| Activity |
Return all entries verbatim; skip any pictures.

Data entries
——————————

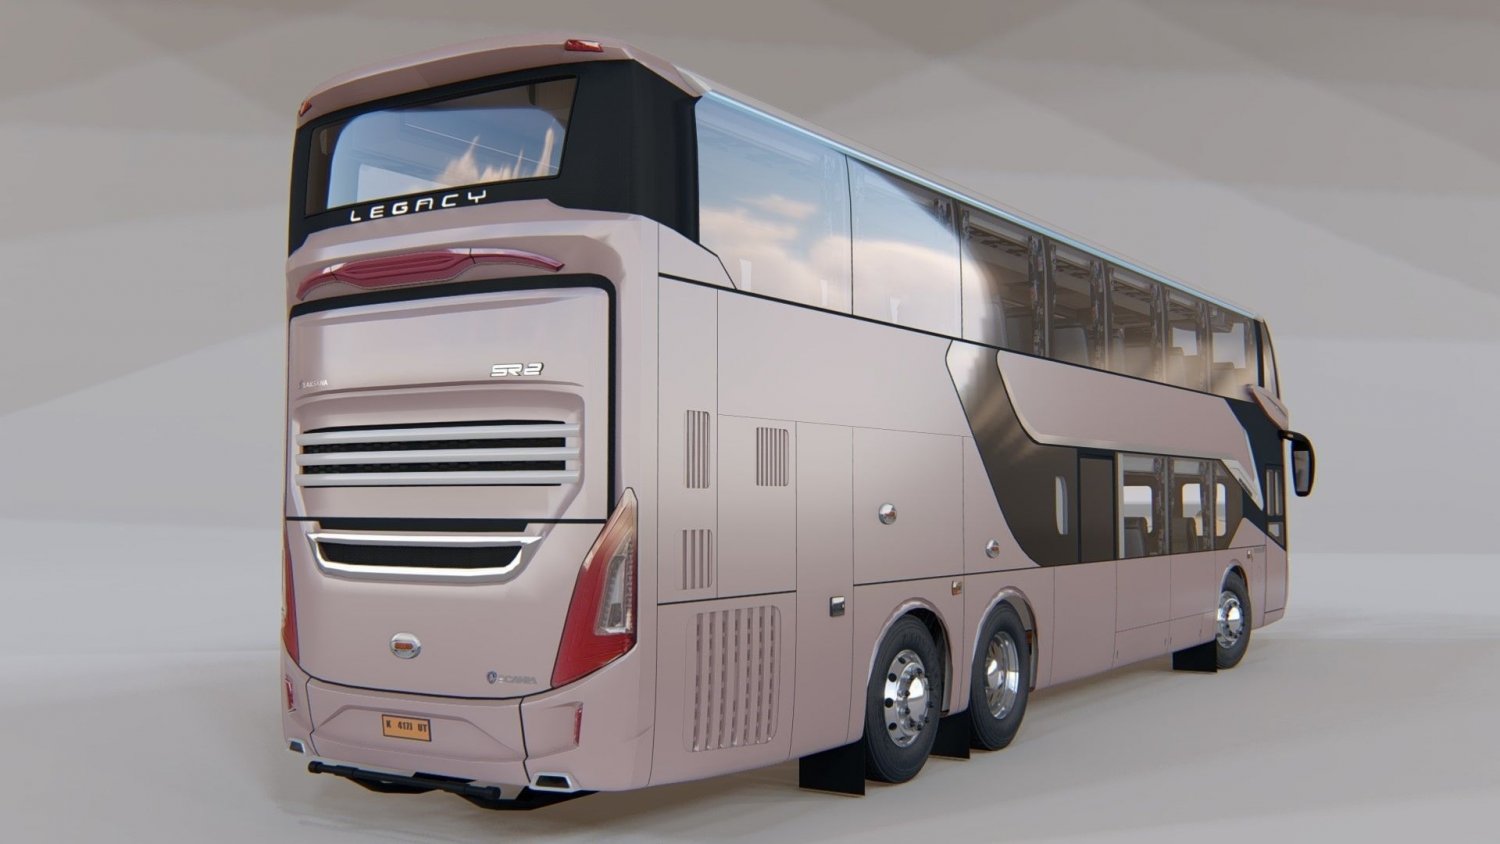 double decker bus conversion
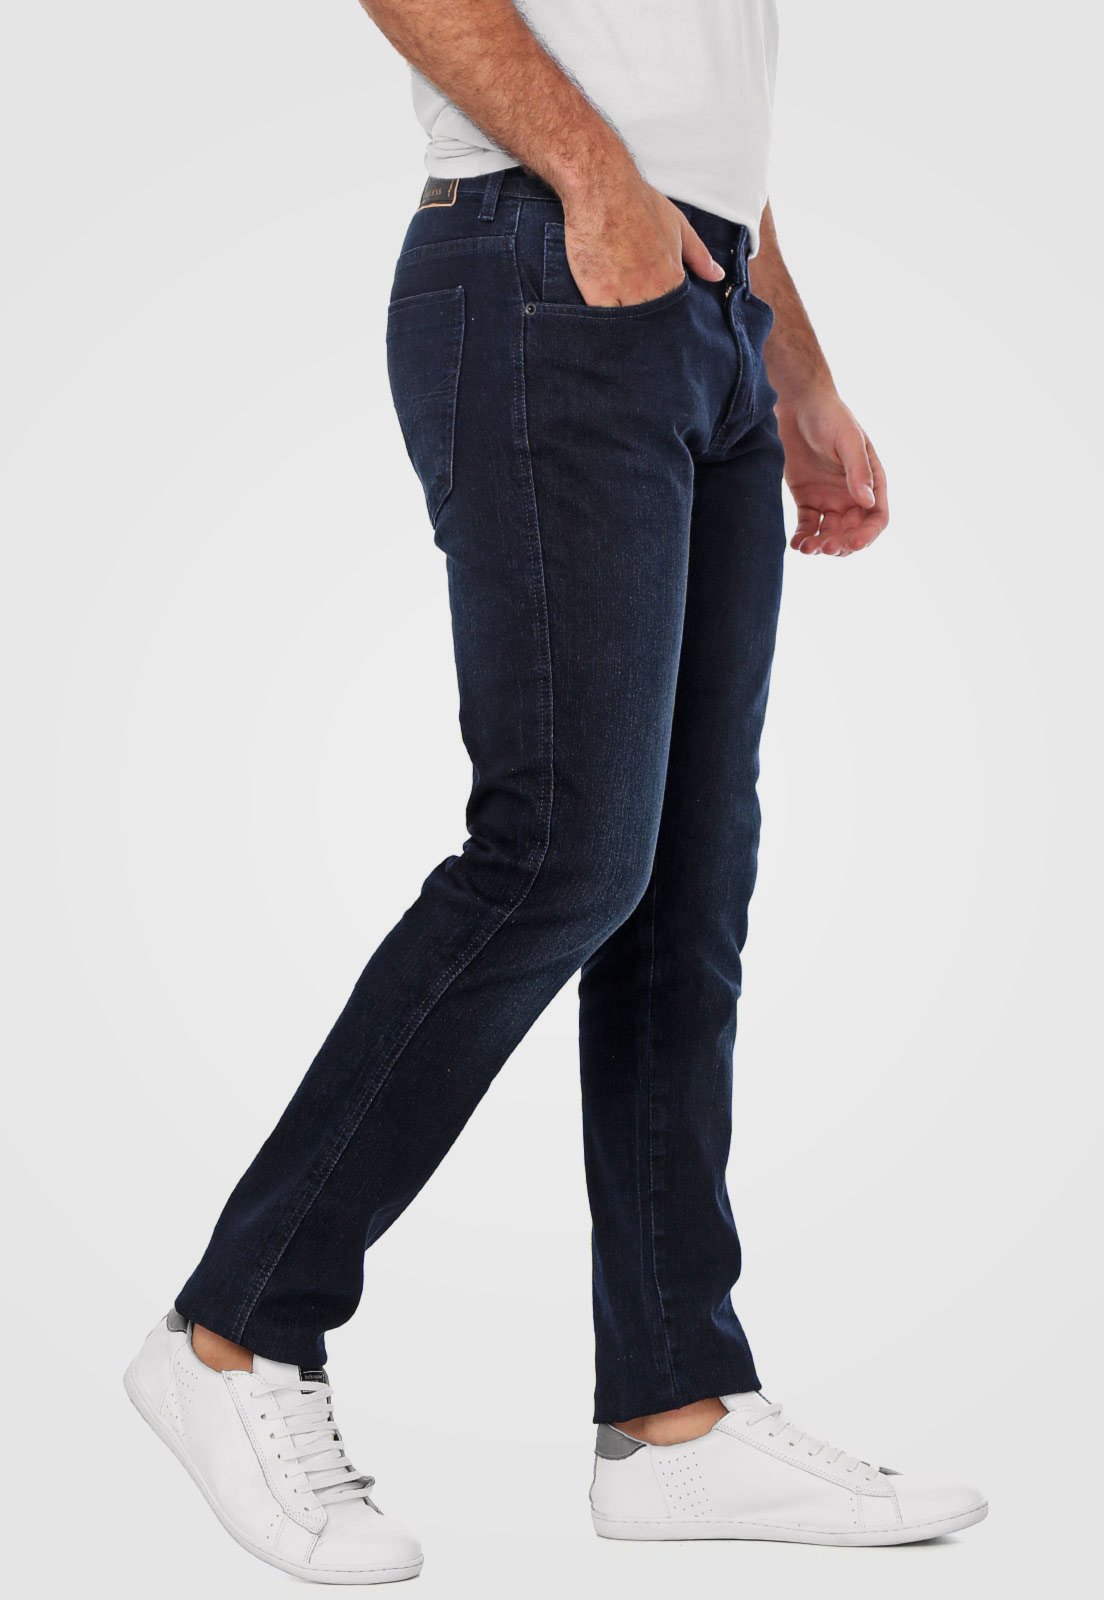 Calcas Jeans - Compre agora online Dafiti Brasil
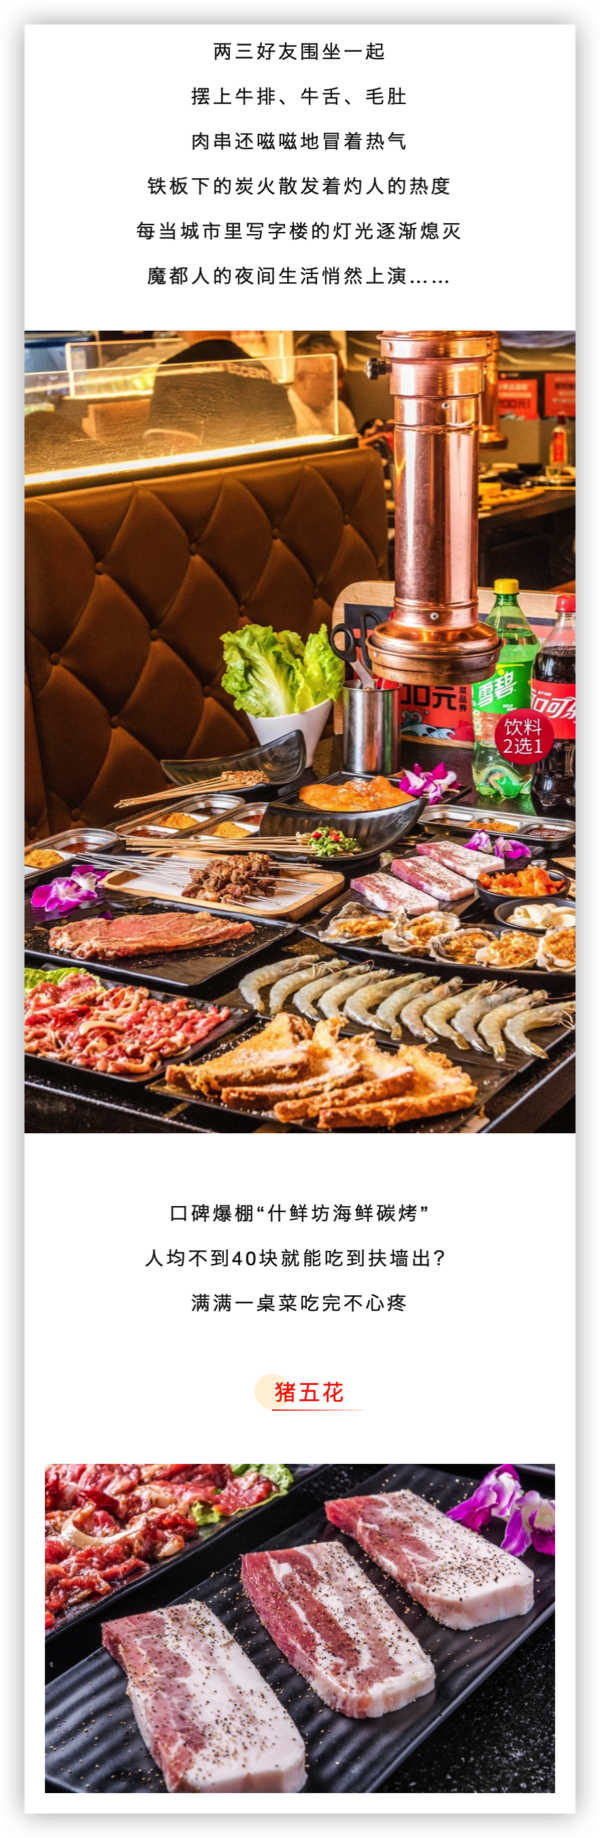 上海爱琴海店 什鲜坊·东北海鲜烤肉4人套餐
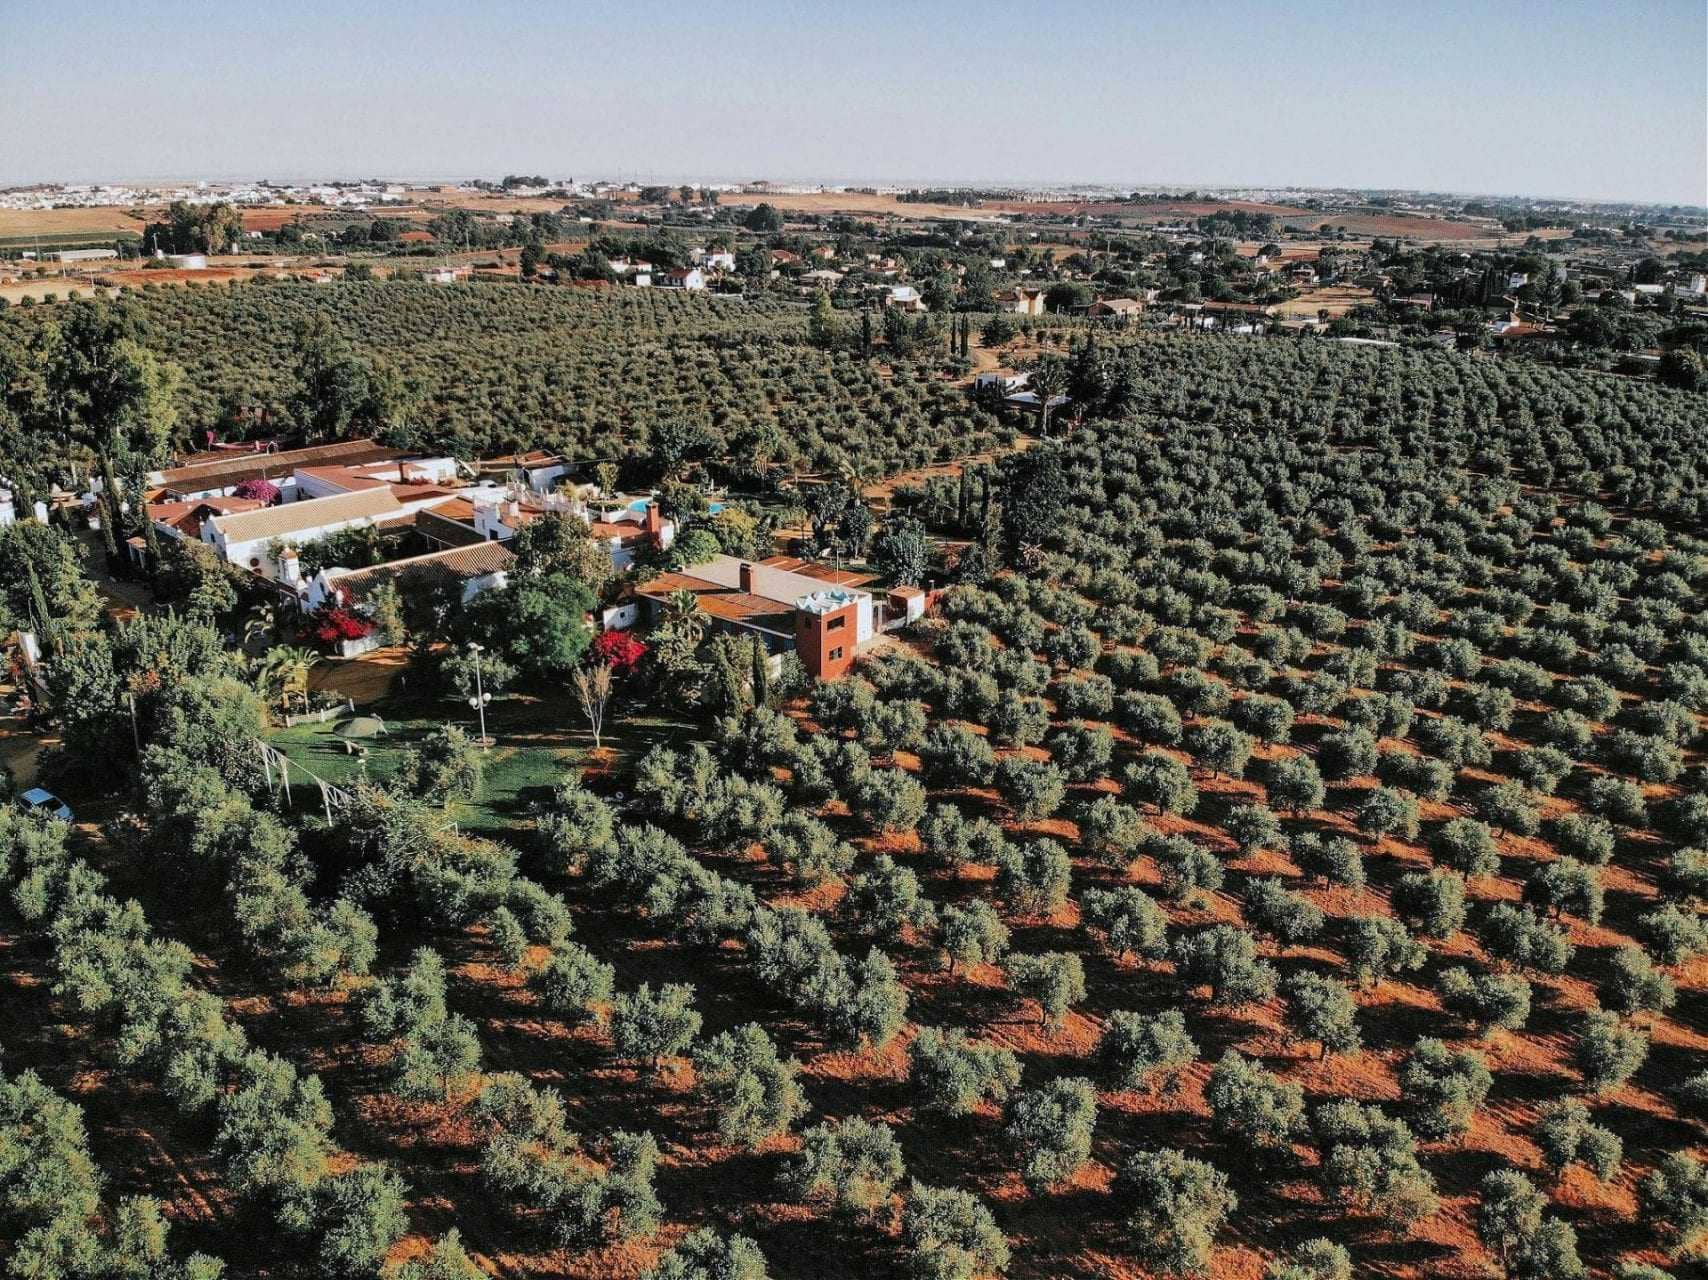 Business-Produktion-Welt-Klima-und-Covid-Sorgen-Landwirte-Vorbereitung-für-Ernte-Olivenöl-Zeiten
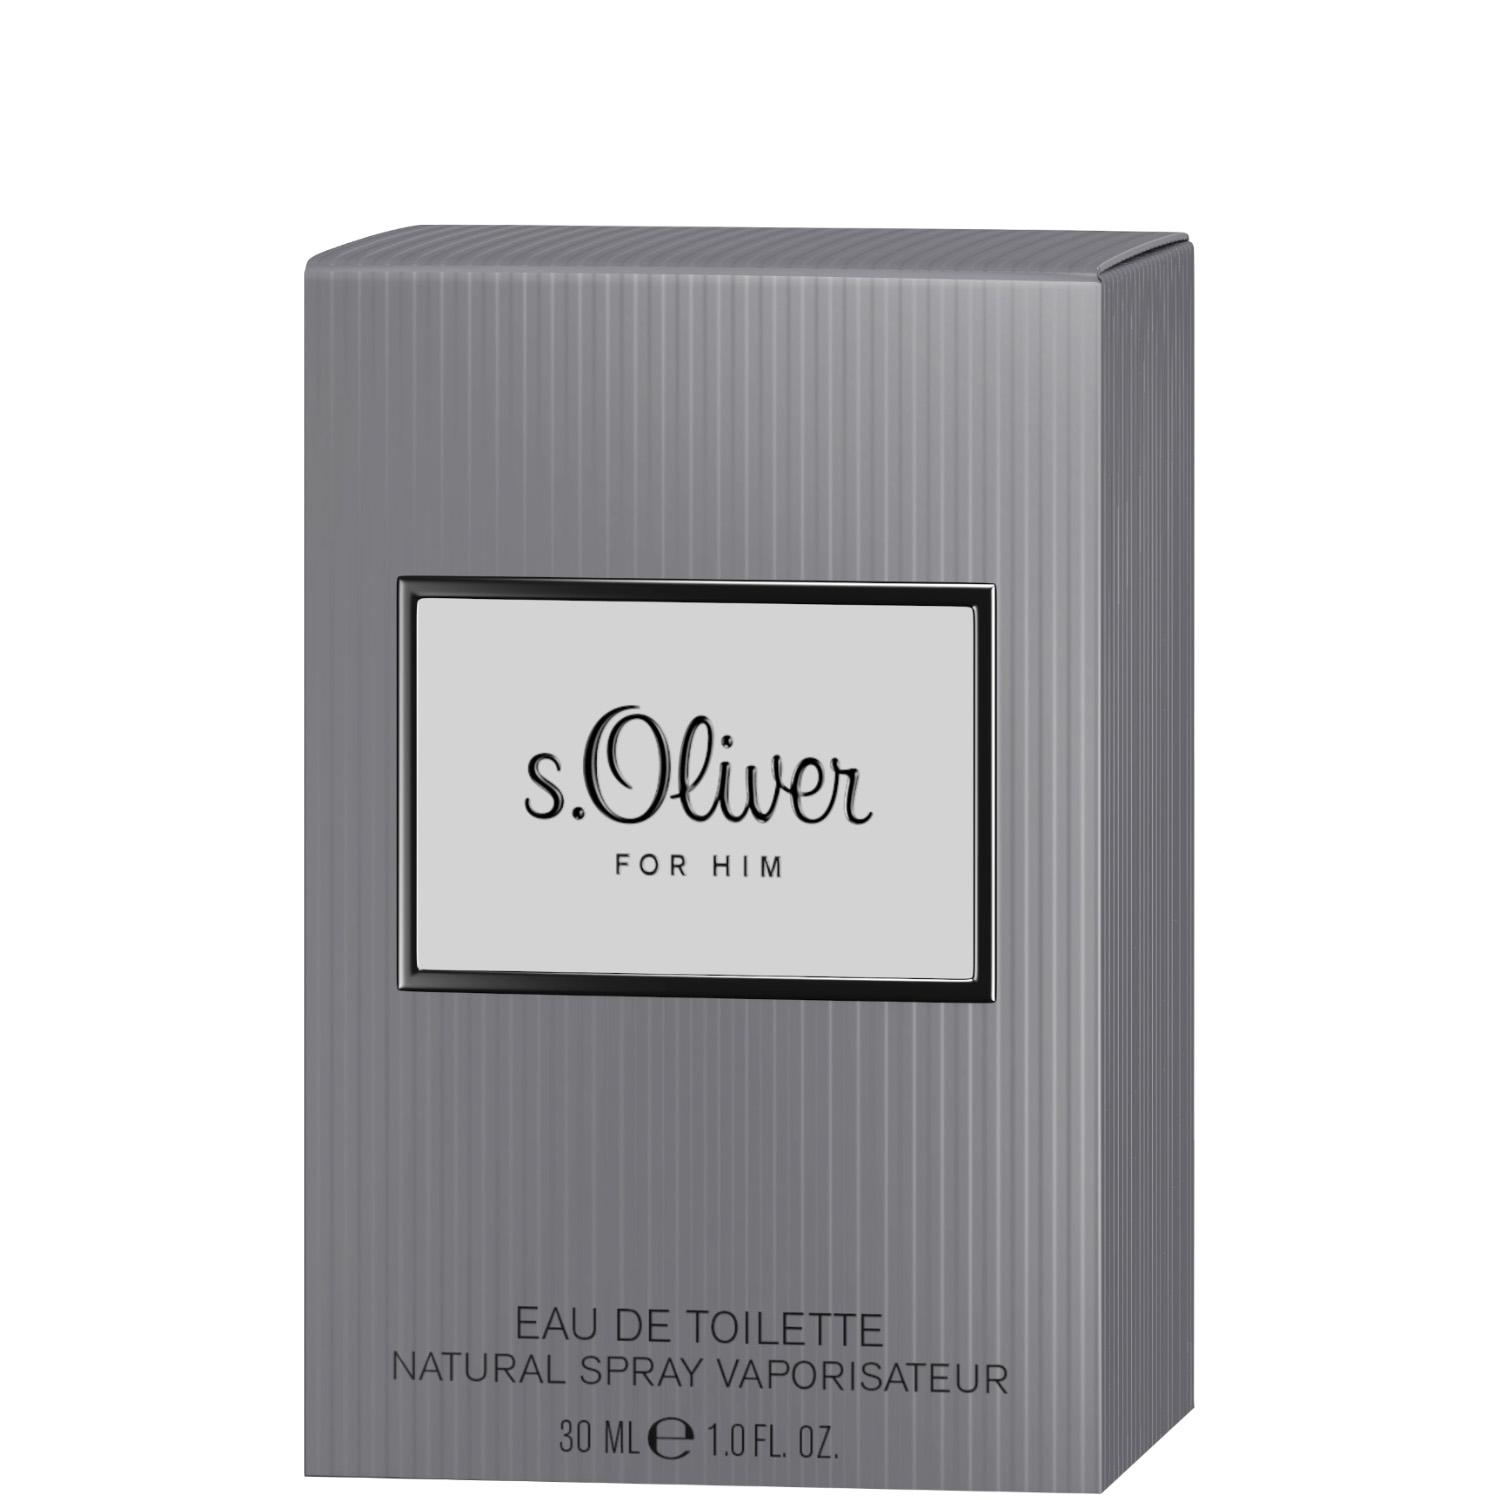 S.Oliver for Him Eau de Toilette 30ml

——————————

| Task solution |
 double decker bus conversion
 Calcas Jeans - Compre agora online Dafiti Brasil
 上海爱琴海店 什鲜坊·东北海鲜烤肉4人套餐
 Business-Produktion-Welt-Klima-und-Covid-Sorgen-Landwirte-Vorbereitung-für-Ernte-Olivenöl-Zeiten
 S.Oliver for Him Eau de Toilette 30ml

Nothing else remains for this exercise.